Perfectly legal, cube root of x is continuous on every point of the line, in particular on R+, so yes. It could even be a square root, no problem in that specific limit.

@@Rafaeu777 True, but is this limit finite? If not then all bets are off.

@@alphalunamare Not really, you can use this same argument along with the extension of Infinite limits and limits at infinity

Think if you can. 1/5 = 0.2 1/100 = .01 1/1000 = 0.001 1/10000 = 0.0001 See, getting closer to 0 1/infinity = 0. 00 to an infinite number of 0/s

@@thenetsurferboy yes you would be correct but mathematically 1/∞ is infinitely small but not zero, we just approximate as zero since it's so close, actually the closest thing to zero ever

You are using infinity like it's a number. It's not. The proof is nonsense. Also "the closer thing to zero" is zero. The limit as n approaches infinity of 1/n IS 0. It's not "close", it is perfectly zero. It's kinda of similar to saying 0.9999999... is "close" to 1. It's not close, it is perfectly 1.

@@StefanodeAngelis-1300 I think the limit just approaches zero

@@Kambyday This is math ._. , opinions aren't really relevant are they?
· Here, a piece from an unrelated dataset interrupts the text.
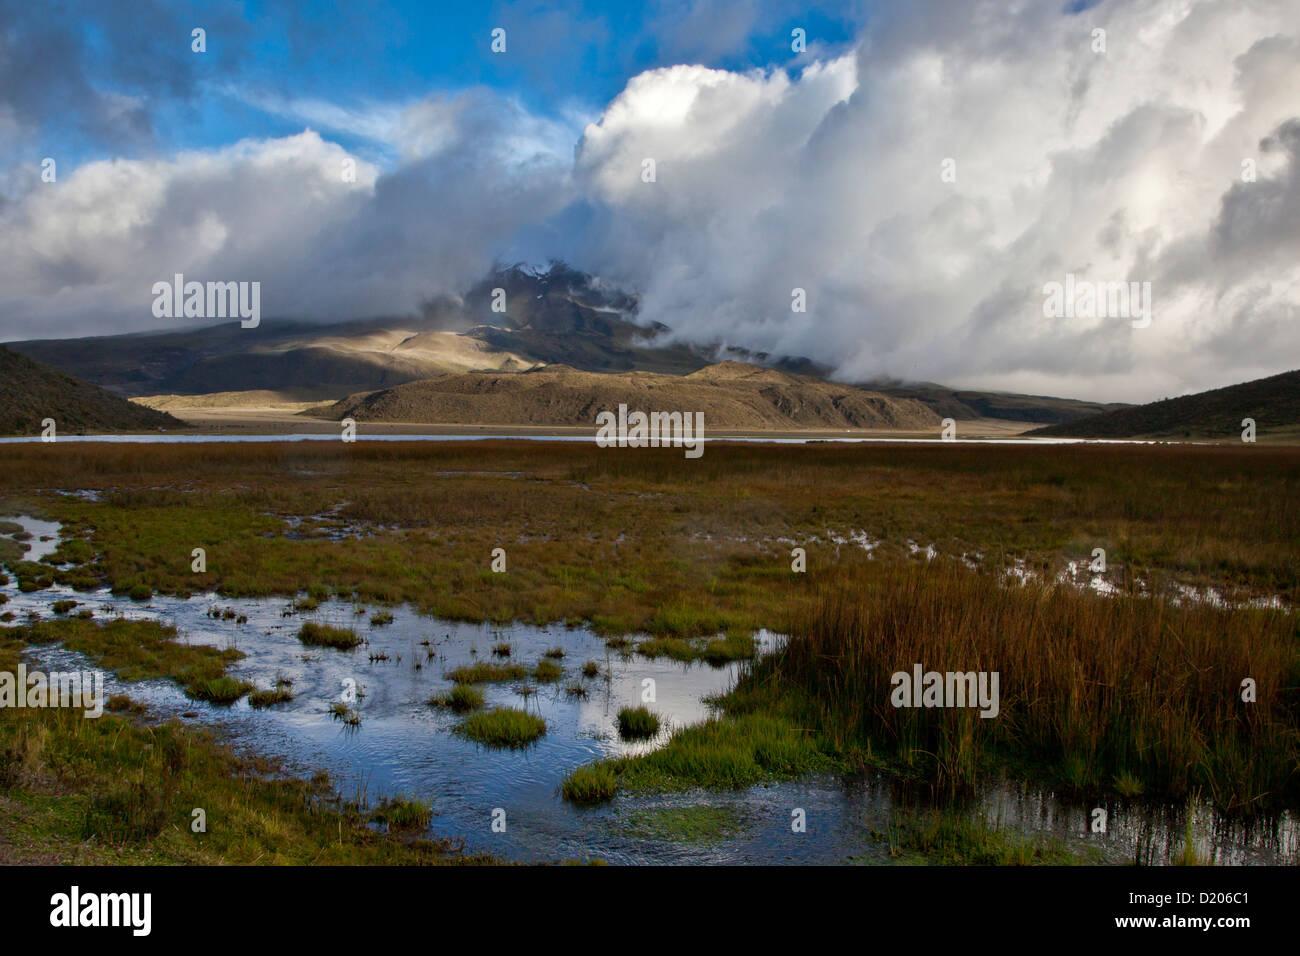 Nebel und Wolken am Cotopaxi (5897m), im Vordergrund: Lagune Limpiopungo, Anden, Ecuador, Südamerika Stockbild

The limit IS zero.

Consider the limit as x approaches infinity of the functions F(x) = x^3 - x, the function G(x) = x - 2x, and the function D(x) = (x)^2 - (x+1)^2. In all these cases, by substituting x with infinity, you'd get "infinity - infinity", but once evaluated, it is revealed that the first limit is +Infinity, the second is -Infinity, and the third is 0.

@@julioaurelio hum 🧐 I got it

Because limits are taught in a differential calculus course.